The packaging signal of influenza viral RNA molecules.

S Tchatalbachev 1, R Flick 1, G Hobom 1
PMCID: PMC1370150  PMID: 11453070

Abstract

The packaging signal present in influenza viral RNA molecules is shown not to constitute a separate structural element, but to reside within the 5'-bulged promoter structure, as caused by the central unpaired residue A10 in its 5' branch. Upon insertion of two uridine residues in the 3' branch opposite A10, the minus-strand viral RNA (vRNA) promoter is converted into a 3'-bulged structure, whereas the plus-strand cRNA promoter instead adopts the 5'-bulged conformation. In this promoter variant it is exclusively the cRNA that is found packaged in the progeny virions. Upon insertion of only a single uridine nucleotide opposite 5'A10, the two debulged structures of the vRNA and cRNA promoters are rendered identical, and both vRNA and cRNA molecules are packaged indiscriminately, in a 1:1 ratio, but at lower rates.
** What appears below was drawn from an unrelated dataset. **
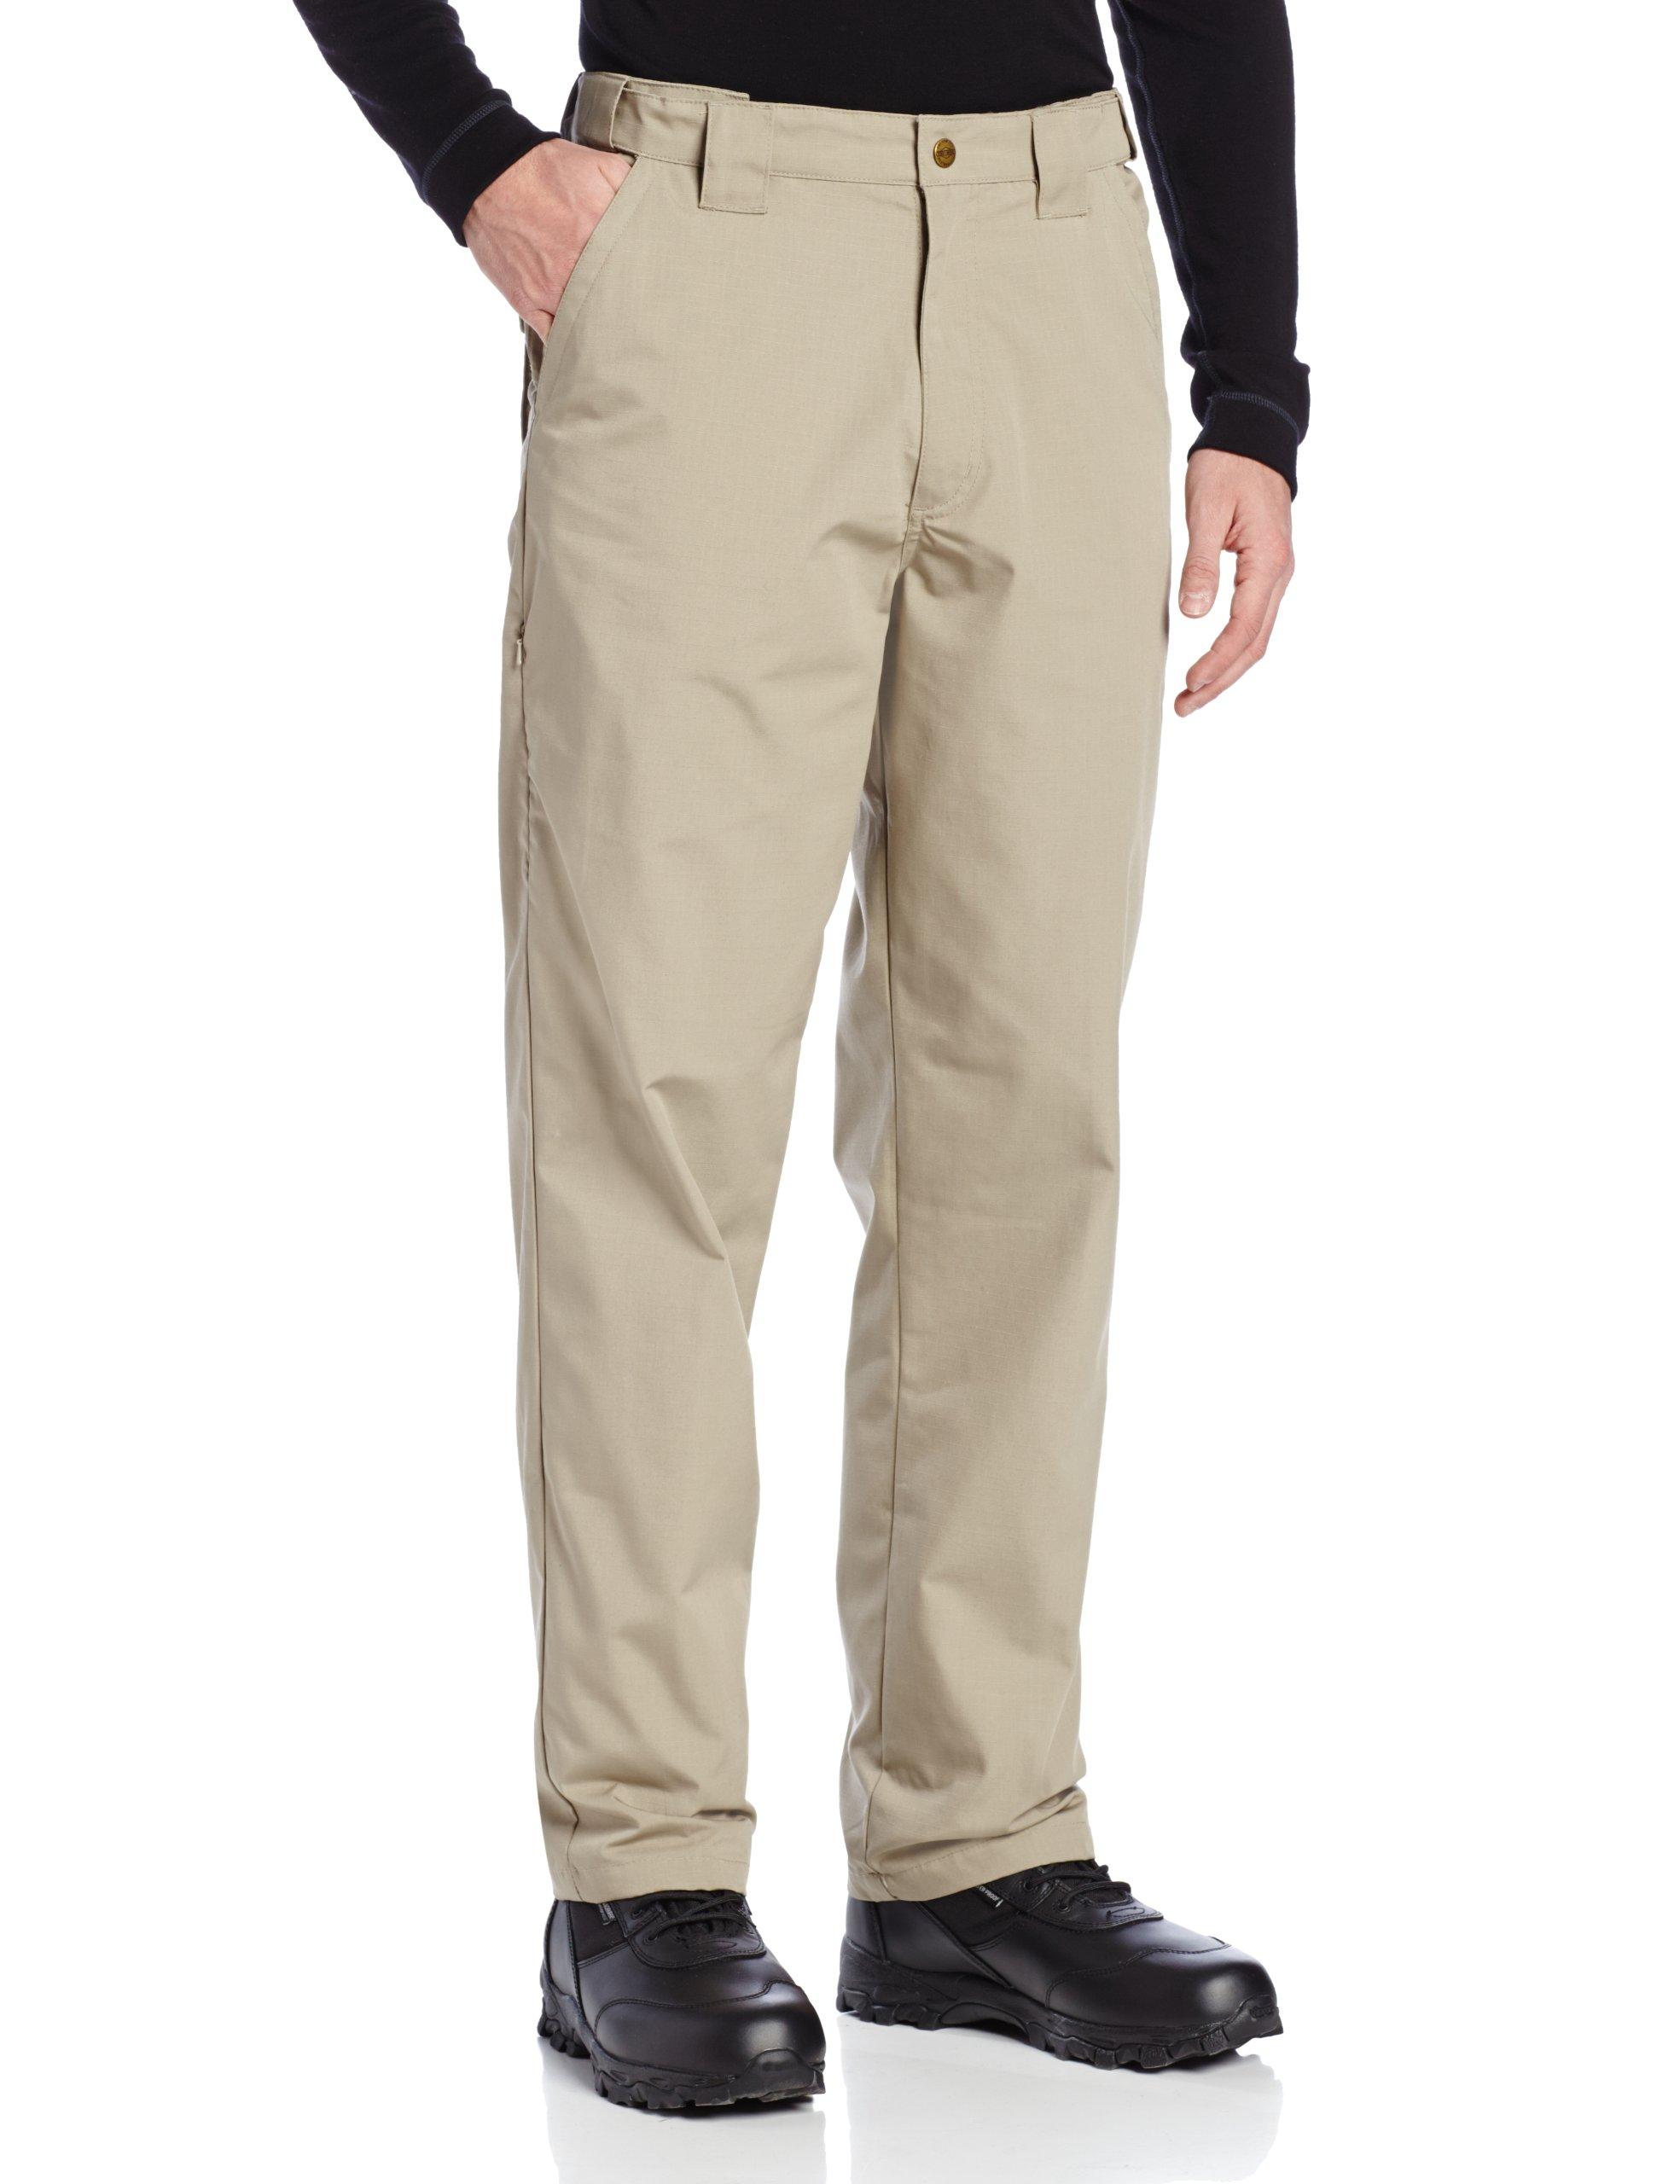 TRU-SPEC Men's 24-7 Classic Pants

We propose that the binding interactions of viral polymerase with either of the two differently bulged vRNA and cRNA promoter structures result in two different conformations of the enzyme protein. Only the 5' bulged RNA-associated polymerase conformation appears to be recognized for nuclear export, which depends on nuclear matrix protein M1 and nonstructural protein NS2. And the respective wild-type vRNP- or insertion mutant cRNP complex is observed to enter the cytoplasm and hence is included in the viral encapsidation process, which takes place at the plasma membrane.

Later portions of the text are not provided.